Several scenarios may exist:
No content repetition: The next n units should not repeat content already displayed;
Content repetition required: The content needs to be repeated n times, potentially skipping some display units in between; and
Display related: Content related to already displayed information has to be displayed.
FIG. 7 depicts the forwarding of a display list 28 for these situations in accordance with the invention. The first display unit 12 received a display list that does not put a limit on the items that can be displayed. Based on the virtual user profile, the display unit 12 selects item IT4687 (shaded) to be displayed. The list is then forwarded to the next display unit 13.
Since no limitations regarding what should be displayed are forwarded, the second display unit 13 selects IT8991 (shaded) based on the virtual user profile. However, this item is part of a set of items (IT8991, IT8992, IT8993, IT8994) that need to be displayed after “leaping” or skipping one display unit. The display slots for the display units n+2, n+4 and n+6 are allocated accordingly.
The third display unit 14 selects item IT4892 (shaded). This item needs to be repeated twice with one display unit in between. Accordingly, it allocates slot n+2 with IT4892 as well.
When a display unit receives a predetermined item to be displayed, it has to verify that this item is still suitable for the current virtual user. Since each display unit continuously monitors its clientele, and re-calculates the preferences of the virtual user, it will evaluate the suitability of the proposed item. If the suitability is below a certain threshold, each display unit can override the suggested item and select something more suitable to the interests of the current member group.

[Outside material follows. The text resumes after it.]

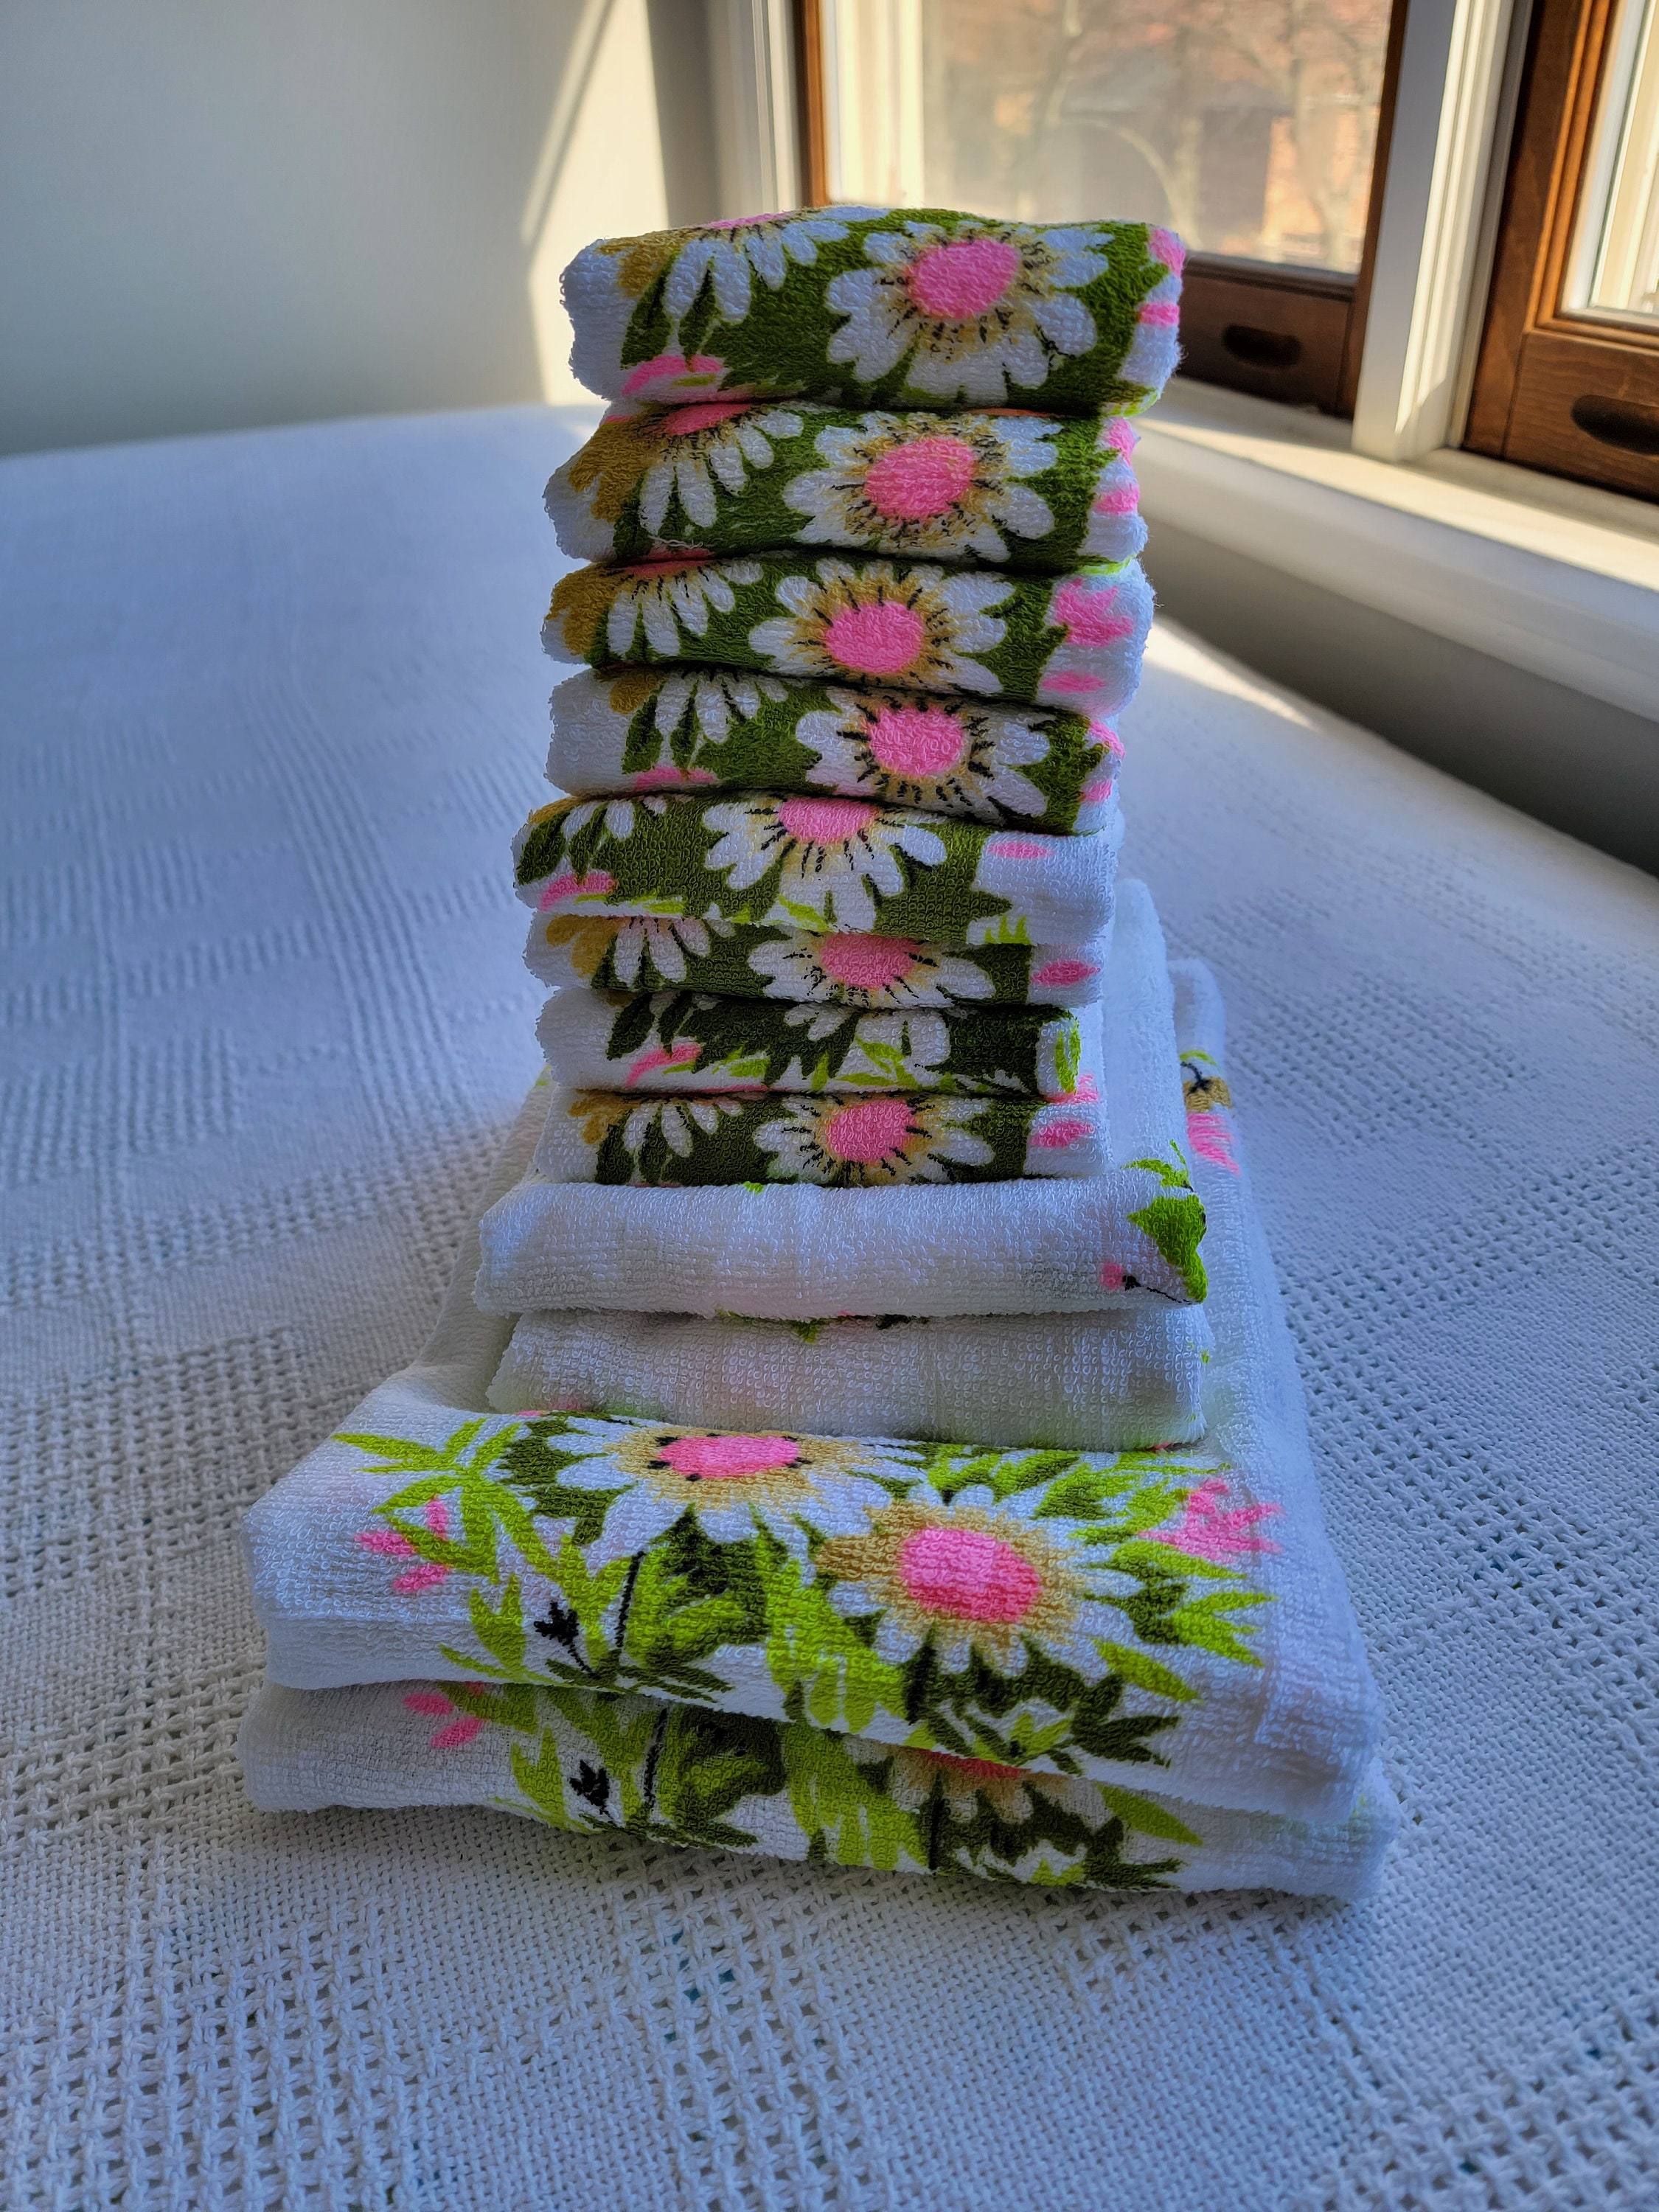 Wamsutta Vintage Bath Towel 24 X 96 Floral Roses Made in the

While some content might be suitable for all audiences, some items should not be displayed to everybody. Items in this class could be advertisements for tobacco, alcoholic beverages, etc. While determining the suitability of items for the audience, the display units have to take restrictions such as the ones mentioned above into account.
Accordingly, a method and system is described to compile the interests of members of a group sharing a physical or logical location to distill common, shared interests and customize content provision and service delivery dynamically. The described invention is based on the assumption that members of the group can be identified individually and their interests are at least partially known. The customization of billboard ads at the side of a highway is just one example of an application scenario for the present invention.
The present invention is not limited to the embodiment described herein with respect to the delivery of billboard content to a group of user drivers operating on a roadway. The method and system can be applied for selecting content, services and other information for delivery to any group of members whose interests can be compiled and who share some physical or logical location.
The foregoing disclosure has been set forth merely to illustrate the invention and is not intended to be limiting. Since modifications of the disclosed embodiments incorporating the spirit and substance of the invention may occur to persons skilled in the art, the invention should be construed to include everything within the scope of the appended claims and equivalents thereof.